L’Arcivescovo ai giovani: «Siate sentinelle che non si scoraggiano di fronte alle difficoltà»

L'Arcivescovo mons. Cesare Nosiglia con i giovani dell'UP 57 al Teatro Elios

Monsignor Cesare Nosiglia, arcivescovo di Torino, mercoledì 1° giugno, al teatro Elios, ha incontrato i giovani della nostra Unità pastorale. L’incontro è stato l’ultimo di sessanta che hanno visto protagonisti il vescovo e i giovani. Mons. Nosiglia infatti, appena giunto a Torino, si era riproposto di incontrare loro per primi.

L’incontro è iniziato con un saluto rivolto all’arcivescovo da una ragazza, Paola, seguito da una proiezione in cui le parrochie della nostra unità pastorale – formata da Cambiano, Favari, La Longa, Marocchi, Moriondo, Poirino, Santena, Trofarello, Valle Sauglio e Villastellone – hanno sintetizzato il loro lavoro con alcune foto, come fosse un nostro album fotografico.

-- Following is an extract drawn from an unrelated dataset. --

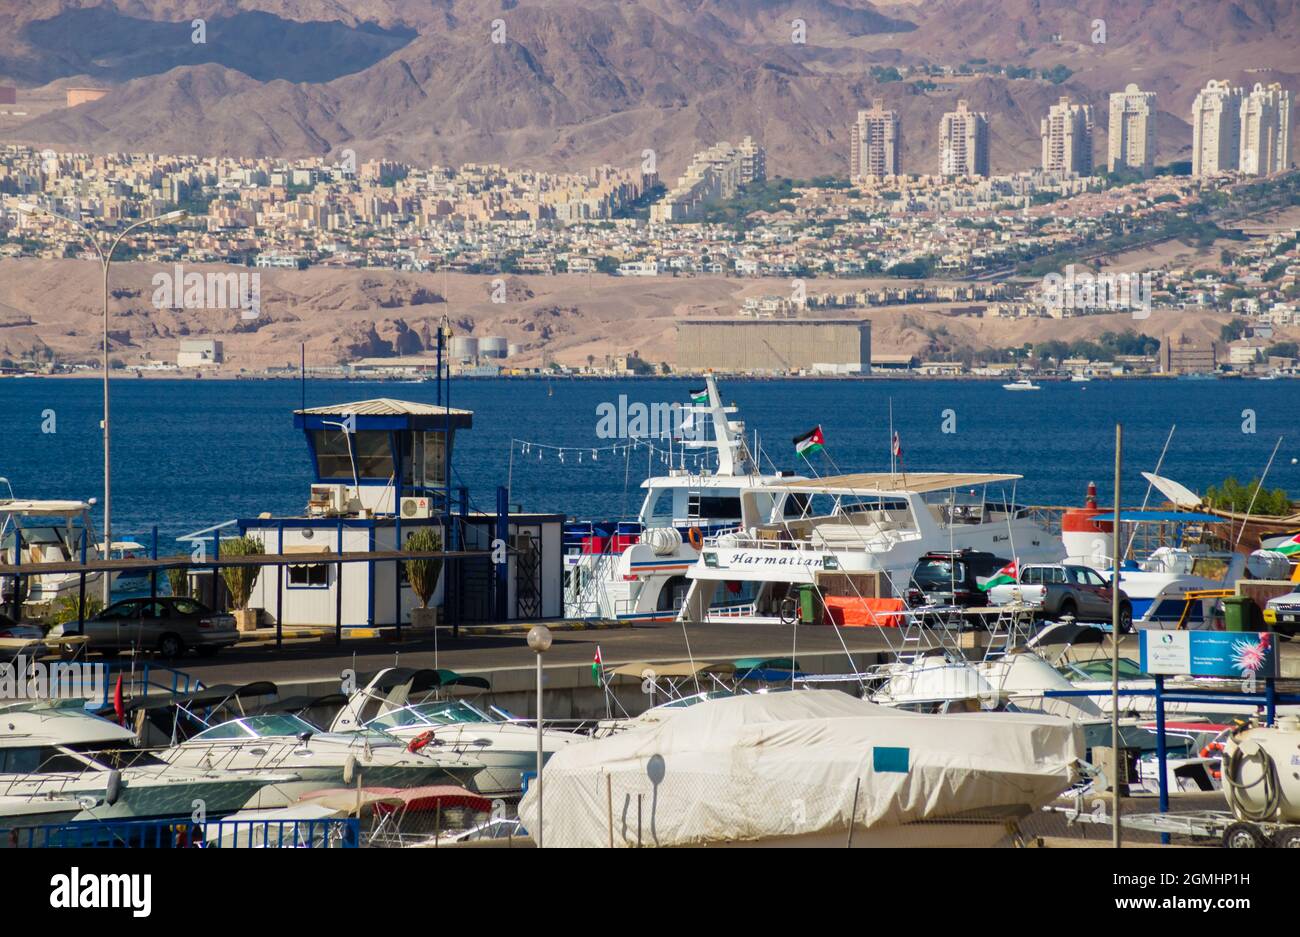 AQABA, GIORDANIA - 6 NOVEMBRE: Una vista attraverso il golfo di Aqaba alla trafficata città di confine israeliana Eilat al Mar Rosso, una popolare destinazione turistica. Novembre Foto Stock

Quindi è iniziato il momento di preghiera , in cui era compreso un commento del nostro vescovo.

Percorrendo le fasi della sua vita e prendendo spunto dalla lettura del Vangelo (Gv 1,35-41), mons. Nosiglia ha cercato di trasmettere ai giovani alcuni semplici messaggi per aiutarli a vivere al meglio una vita cristiana. Ispirandosi alla frase del vangelo letto – “Che cosa cercate?” – per prima cosa ha voluto sottolineare il fatto che anche i giovani, come i discepoli, devono continuamente cercare, non accontentarsi. Cercare un incontro vero con Gesù, nel suo Amore personale con ognuno di noi. E, come detto nel passo del vangelo “Venite e vedrete”, il Cristo è colui che, solo, ci dà certezze per il futuro. Futuro, che come dice il vescovo, è quello a cui devono guardare i giovani. Ultimo riferimento alla lettura è stato quello alla figura di Giovanni Battista, che ha aiutato i discepoli a riconoscere Gesù; allo stesso modo l’arcivescovo ci invita a non vivere una vita cristiana solitaria, ma a confrontarci con qualcuno, che ci aiuti nella Fede.

Quindi mons. Nosiglia ha cambiato l’impronta del suo discorso e ha tenuto come linea guida la vita di Giovanni Paolo II, papa che lui ha avuto la fortuna di conoscere e affiancare per tredici anni. Ripetendo un concetto forte di Wojtyla secondo il quale l’essere giovani non è solo una questione anagrafica, ma piuttosto una vocazione che ci spinge a mettere a disposizione le nostre doti per altri, ci ha chiesto dunque di non chiuderci nel nostro piccolo, nelle nostre parrocchie, ma bensì di aprirci e andare verso gli altri. La vita di Giovanni Paolo II è permeata da questo fare il primo passo, non stare chiuso ad aspettare che gli altri vengano a lui, ma andare lui dagli altri. Questa – secondo  Nosiglia – è una delle cose che dovremmo imparare dalla vita di questo beato.

Al termine dell’incontro i cento giovani hanno salutato il vescovo che li ha lasciati con l’augurio che possano essere come sentinelle del terzo millennio, invitandoli ad avere gli occhi rivolti verso il futuro, senza mai scoraggiarsi di fronte alle tante difficoltà, che non sono insormontabili.